*Exercise*: Output the full listing below exactly, without the pictures.

*Supplied material*:

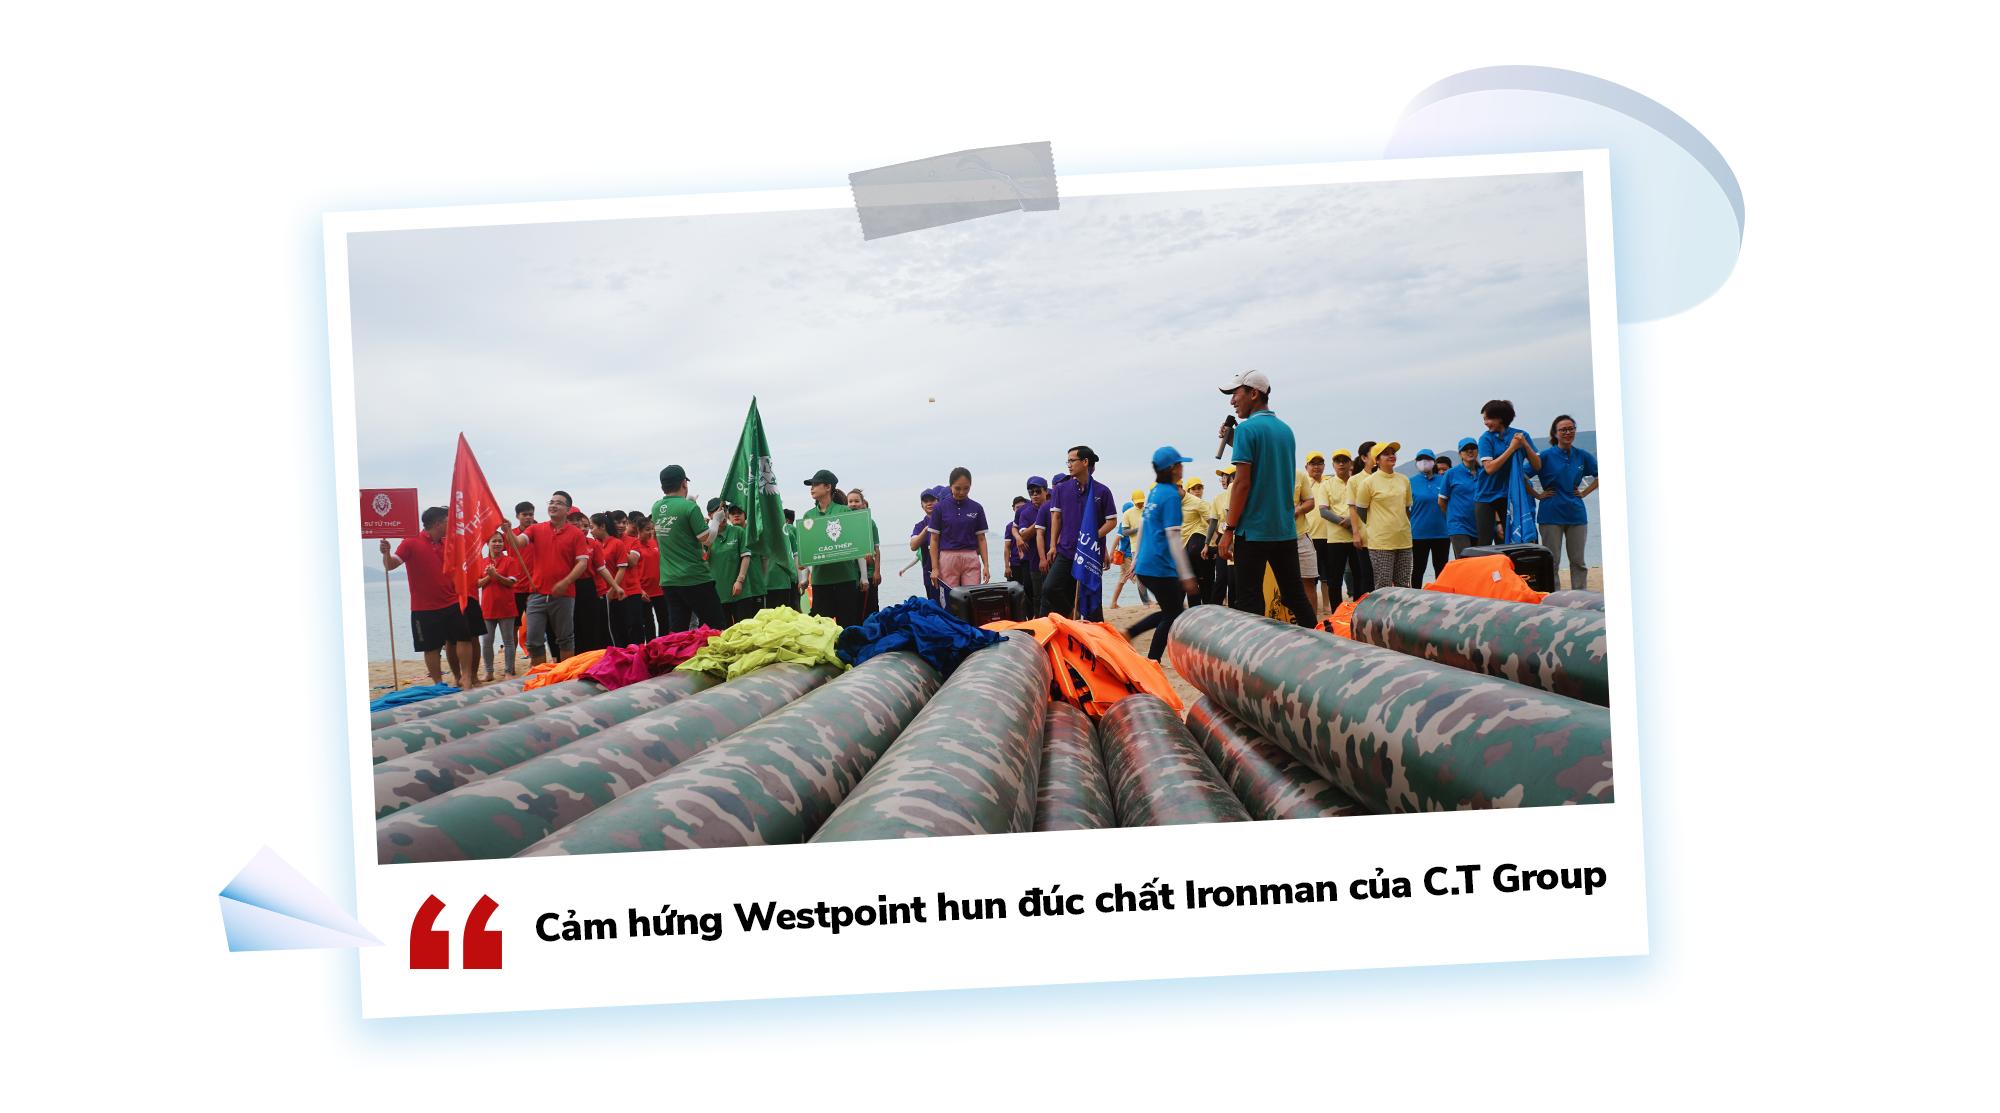 """Khám phá hành trình Caravan danh tiếng của C.T Group – Một đơn vị vừa được giải HR Asia Awards: """"Nơi làm việc tốt nhất Châu Á"""" - Ảnh 6."""
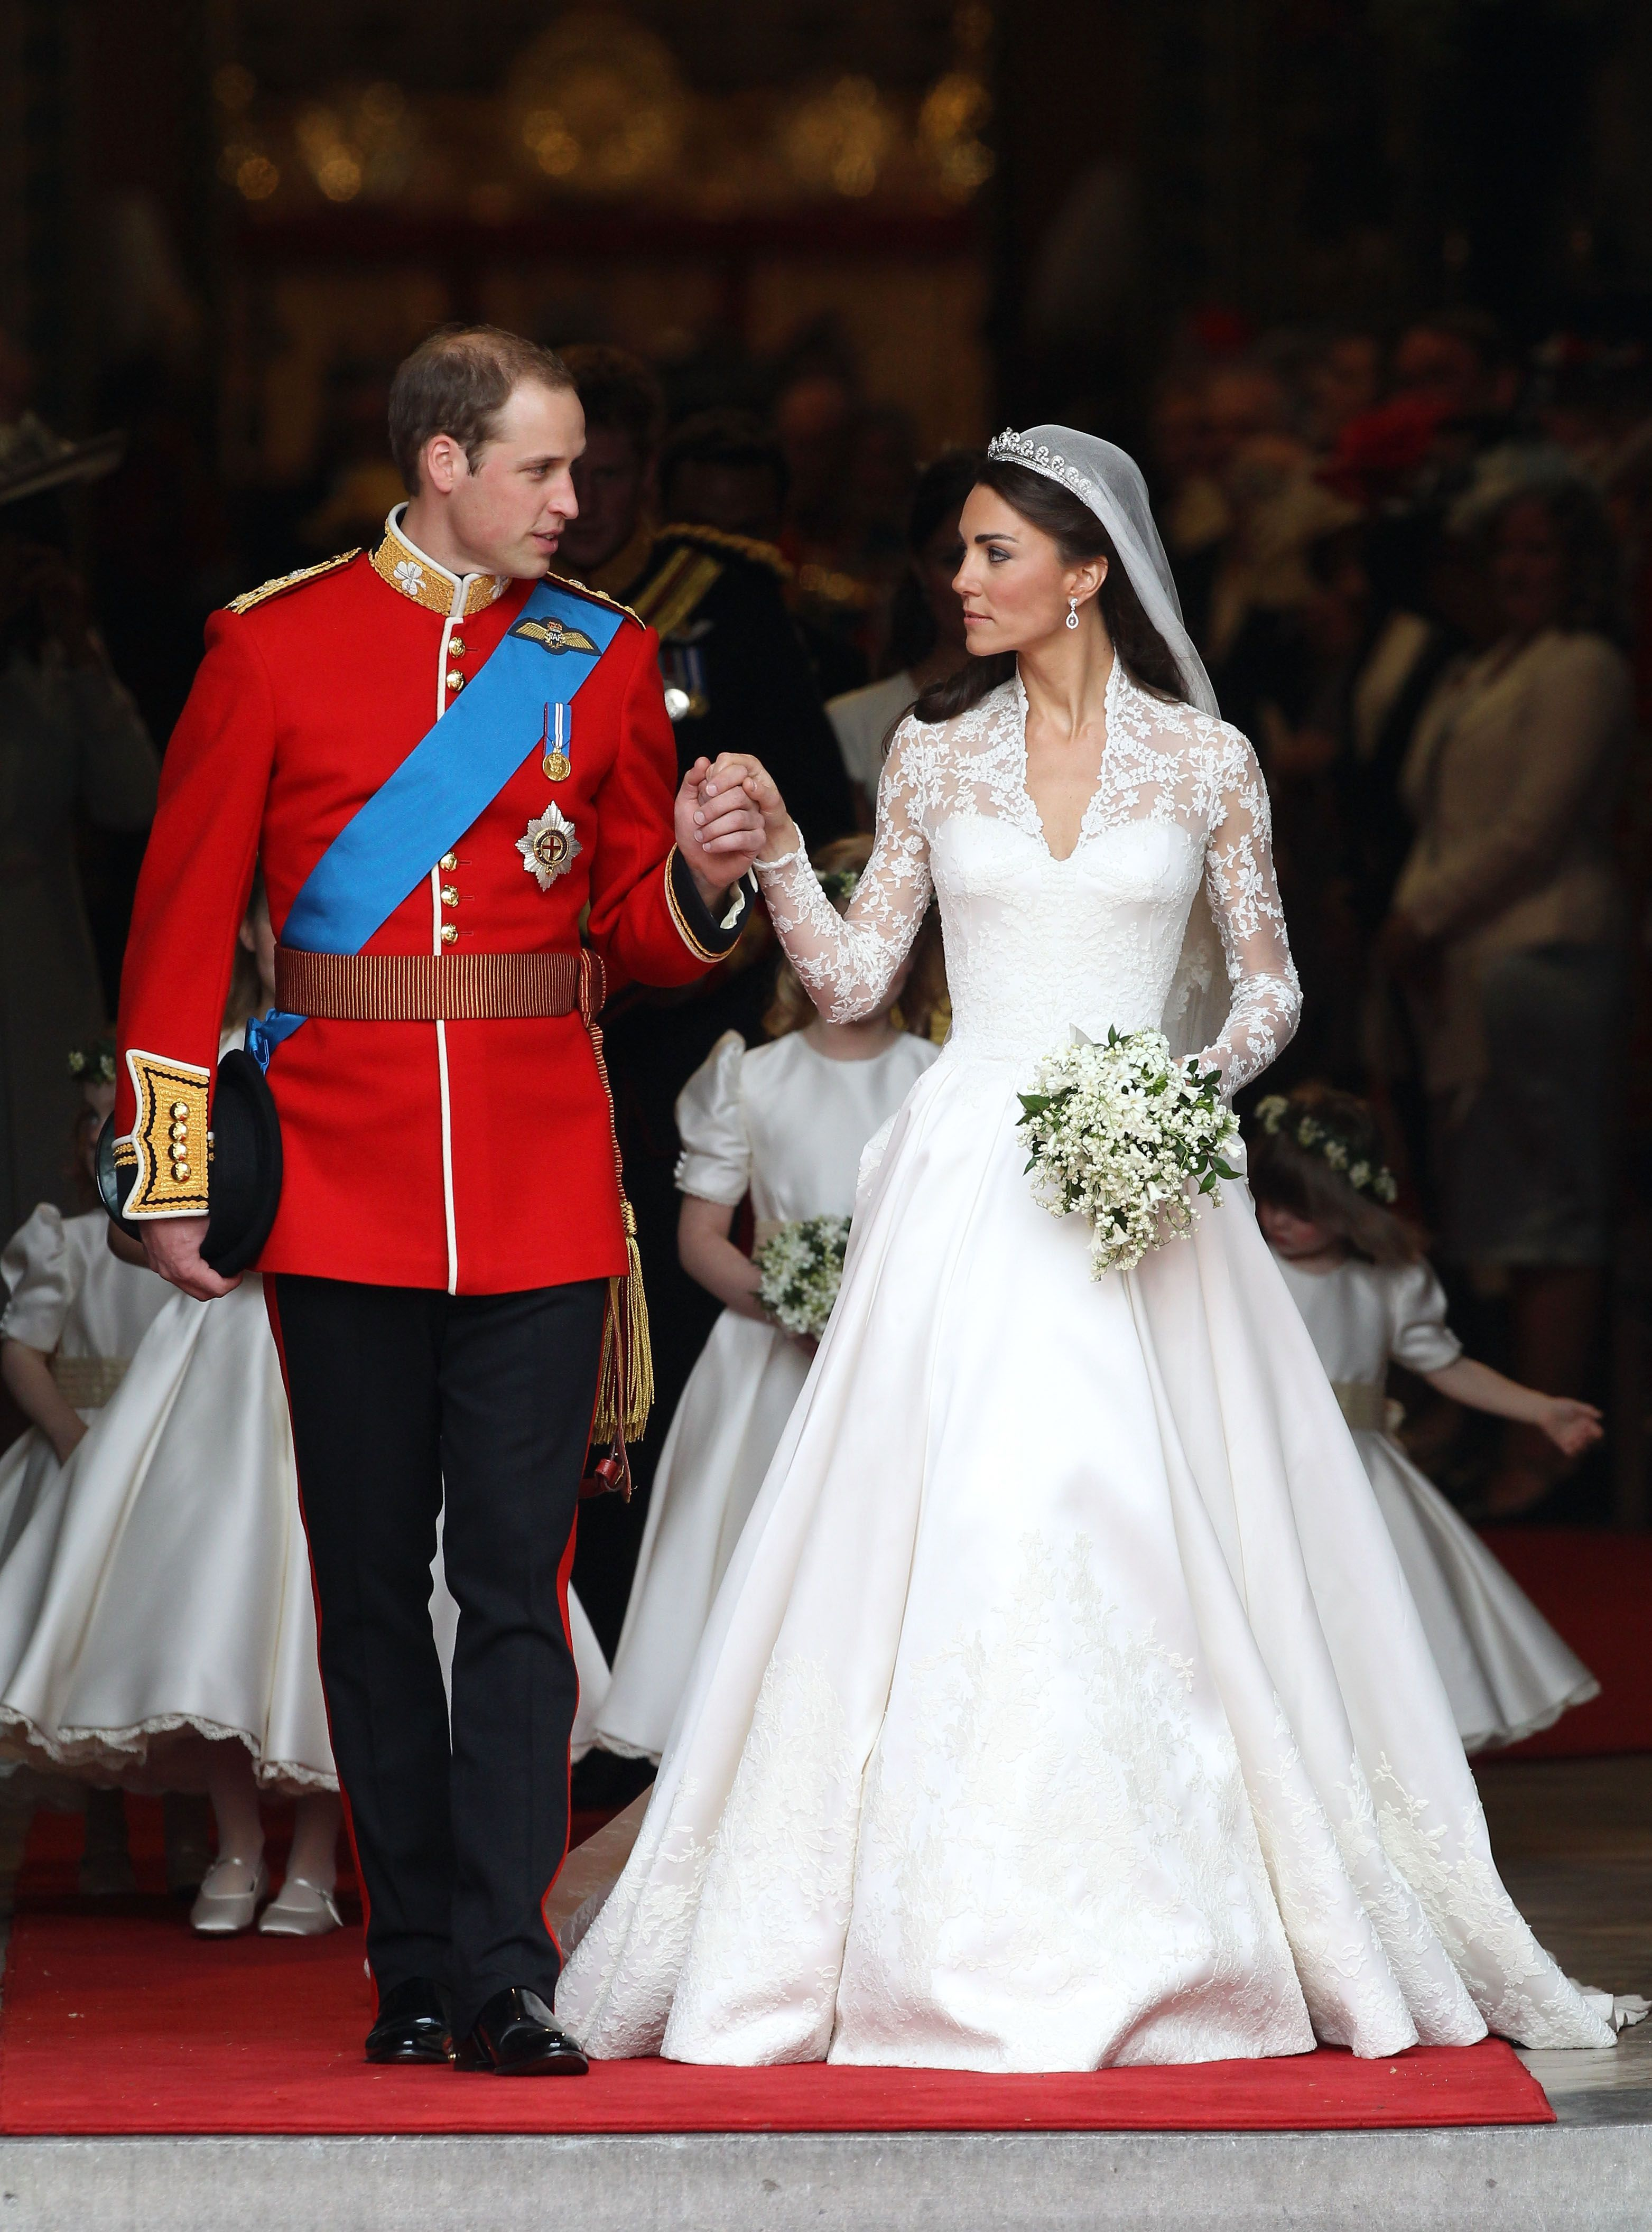 Королівський стиль  7 найкрасивіших весільних суконь d6277288e327c
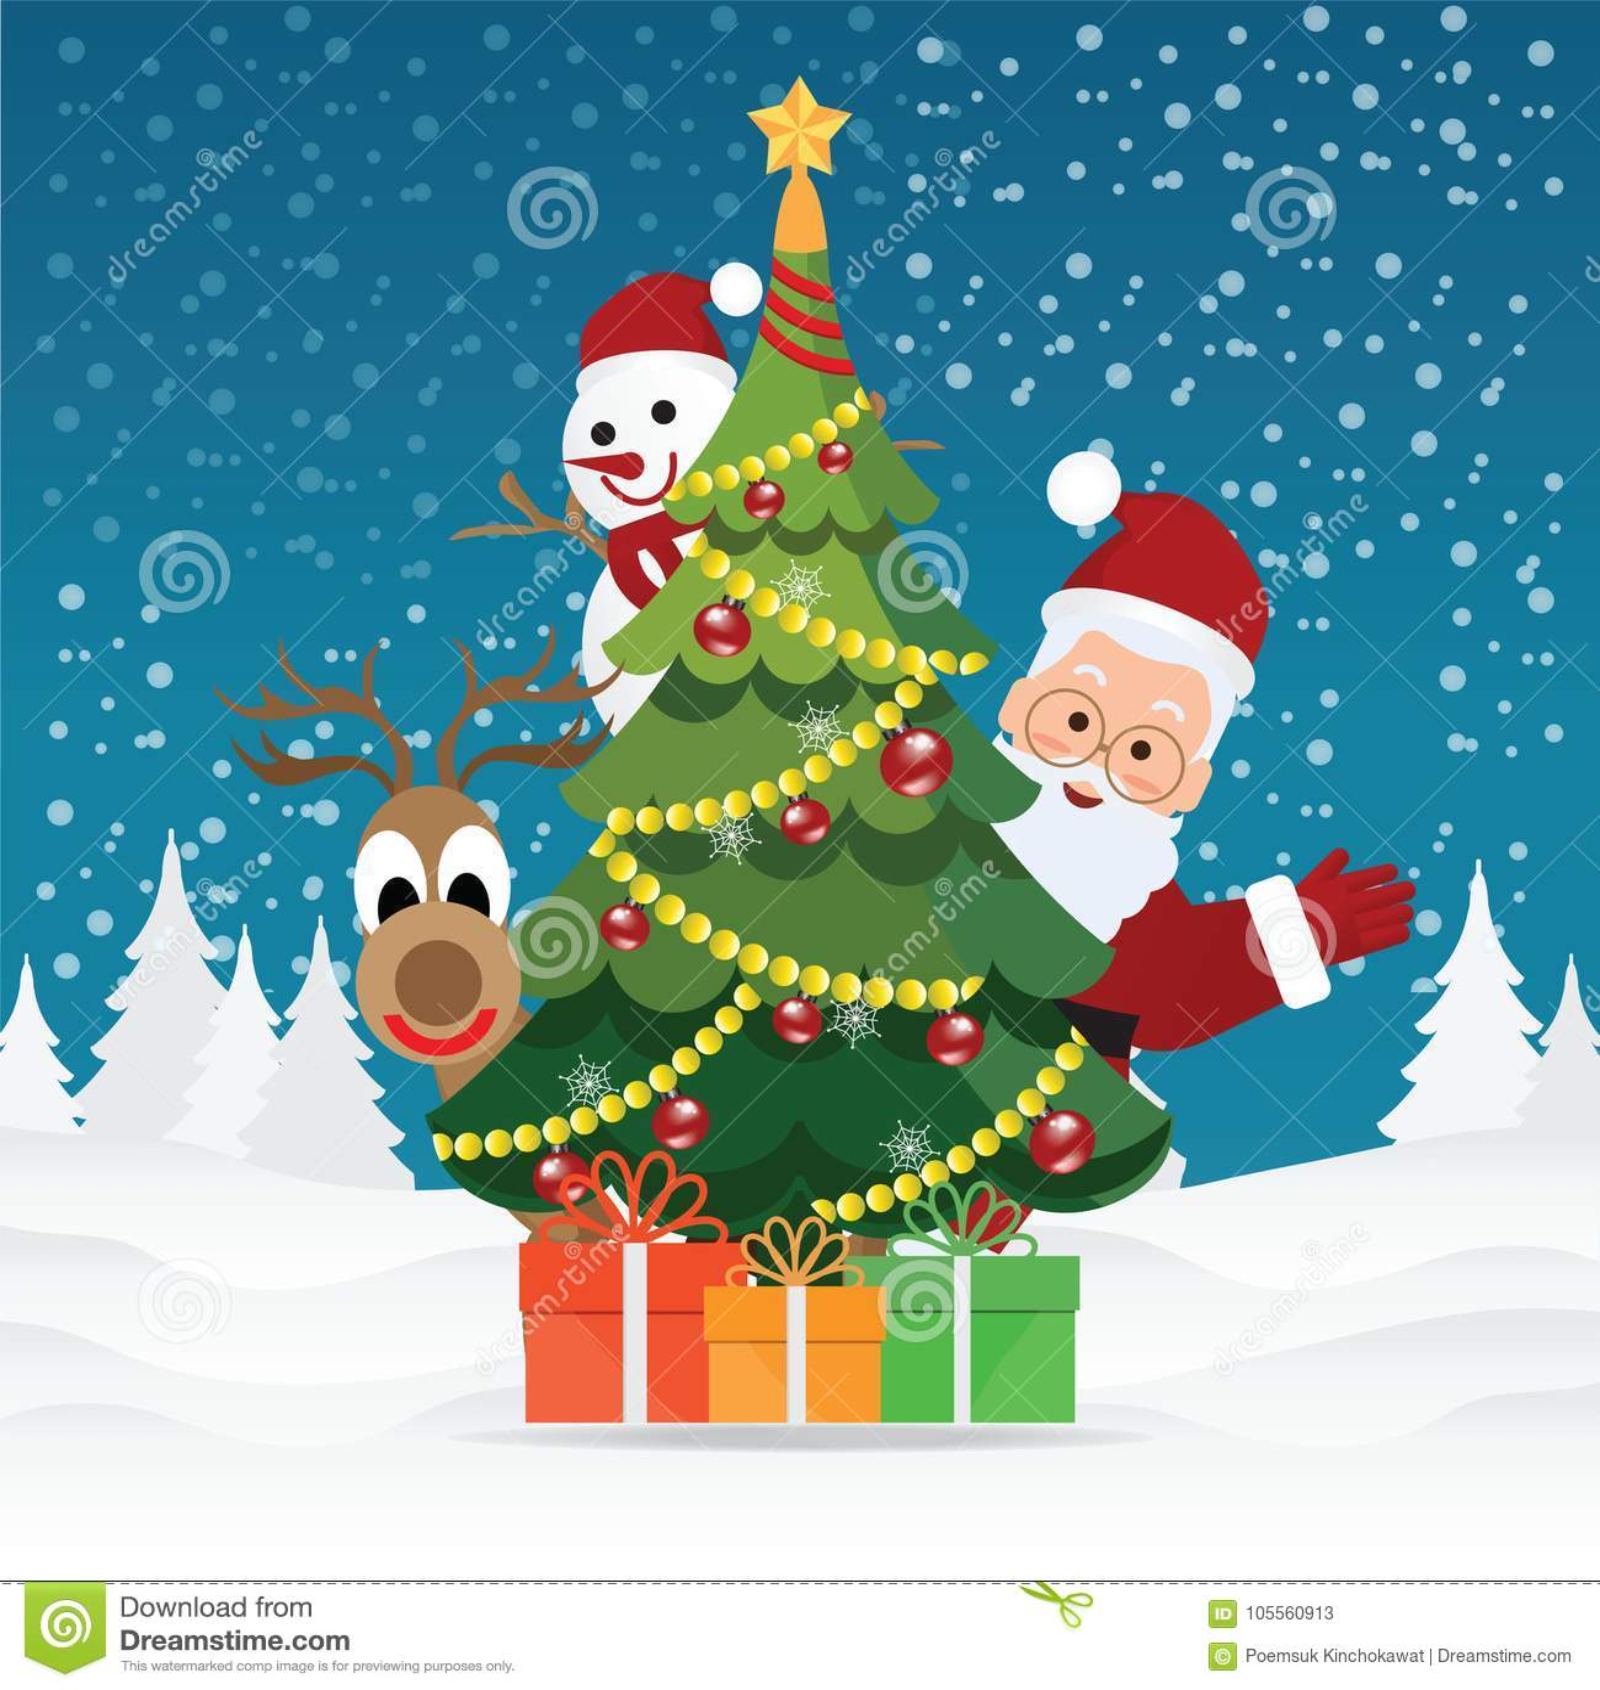 Frohe Weihnachten Grüße.Frohe Weihnacht Gruß Karte Mit Weihnachten Santa Claus Vektor

*Solution to the exercise*:
 """Khám phá hành trình Caravan danh tiếng của C.T Group – Một đơn vị vừa được giải HR Asia Awards: """"Nơi làm việc tốt nhất Châu Á"""" - Ảnh 6."""
 Королівський стиль  7 найкрасивіших весільних суконь d6277288e327c
 Frohe Weihnachten Grüße.Frohe Weihnacht Gruß Karte Mit Weihnachten Santa Claus Vektor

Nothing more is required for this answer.